Liverani ripete molto spesso di avere a disposizione 14 partite e ovviamente nel computo considera anche quelle già affrontate alla guida della Salernitana. In realtà, da qui alla fine potrebbero ancora mancare 14 gare, se si considerassero le due gare di spareggio per non retrocedere, in caso di arrivo a pari punti, da terzultima, con un'altra squadra. Oggi Liverani firrmerebbe per questa opportunità? "Dove c’è una speranza, me la giocherei sempre - è la risposta di Liverani - C’è questa regola nuova ma anche quello sarebbe un obiettivo. E’ già successo a Spezia e Verona: l'anno scorso gara secca e adesso gare di andata e ritorno. Resta pure questo uno snodo, un passaggio per provare a centrare la permanenza in serie A". 

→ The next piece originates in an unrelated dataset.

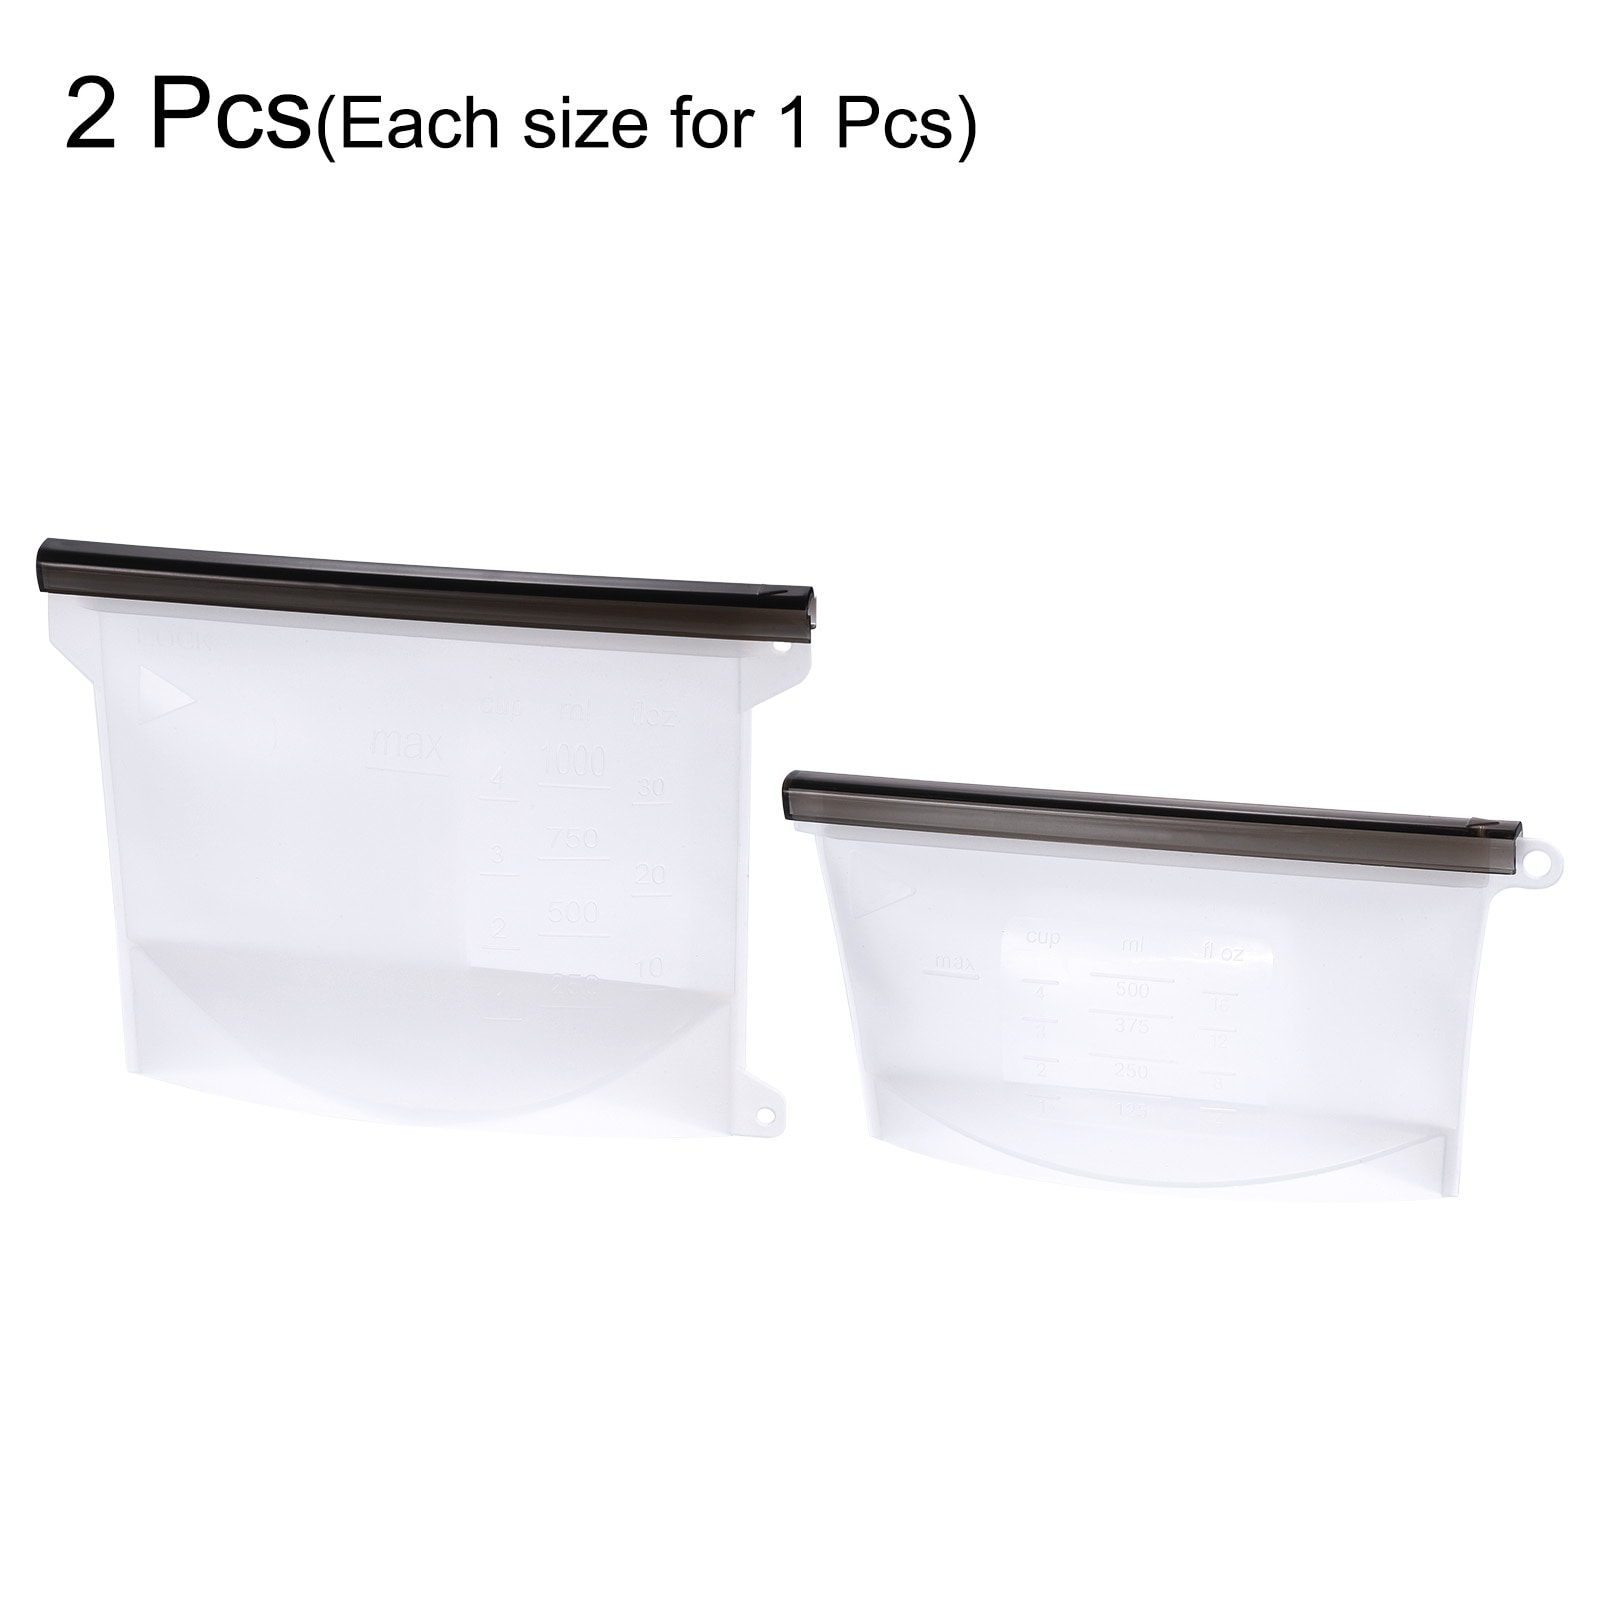 2pcs/pack Reusable Food Storage Bags In Size M/l For Fridge, Vegetables And  Fruits

L'attacco e gli altri reparti 

Weissman e Dia? "Anche davanti abbiamo qualità un po' differenti. Sono due gicoatori diversi, perché Dia ha qualità da seconda punta e lega il gioco. Gli piace giocare molto e triangolare con i compagni. Weissman è un giocatore più generoso e va servito in modo diverso. Noi in attacco abbiamo caratteristiche molto simili, al netto di Ikwuemesi e Simy che sono più giocatori fisici". Perché la Salernitana prende tanti gol? "Un problema c'è, non so se strutturale o per mentalità. Mi ci metto anche io: sono passati tantissimi allenatori e giocatori ma non riusciamo a risolvere più di tanto. Possiamo provarci con il lavoro ma anche con la continuità di un reparto. Un'altra difficoltà è il reparto che non gioca mai insieme, complici infortuni. Giocare insieme più partite può aiutare la conoscenza". Candreva? "Oggi è un giocatore più offensivo, non possiamo più sfruttarlo come quantità. Può giocare dietro due punte o sottopunta come sta facendo spesso. Abbiamo anche perso un po' di distanze contro il Monza. Con i due centrocampisti abbiamo fatto più fatica. La mia idea è con tre centrocampisti e la presenza di Maggiore può servire contro l'Udinese che ha un'identità più fisica e con una identità. Quindi dobbiamo fare arrivare meno palloni. Se gioca Pereyra o Ehizibue è una cosa diversa, perché Ehizibue è un lungo e Pereyra viene a giocare dentro il campo".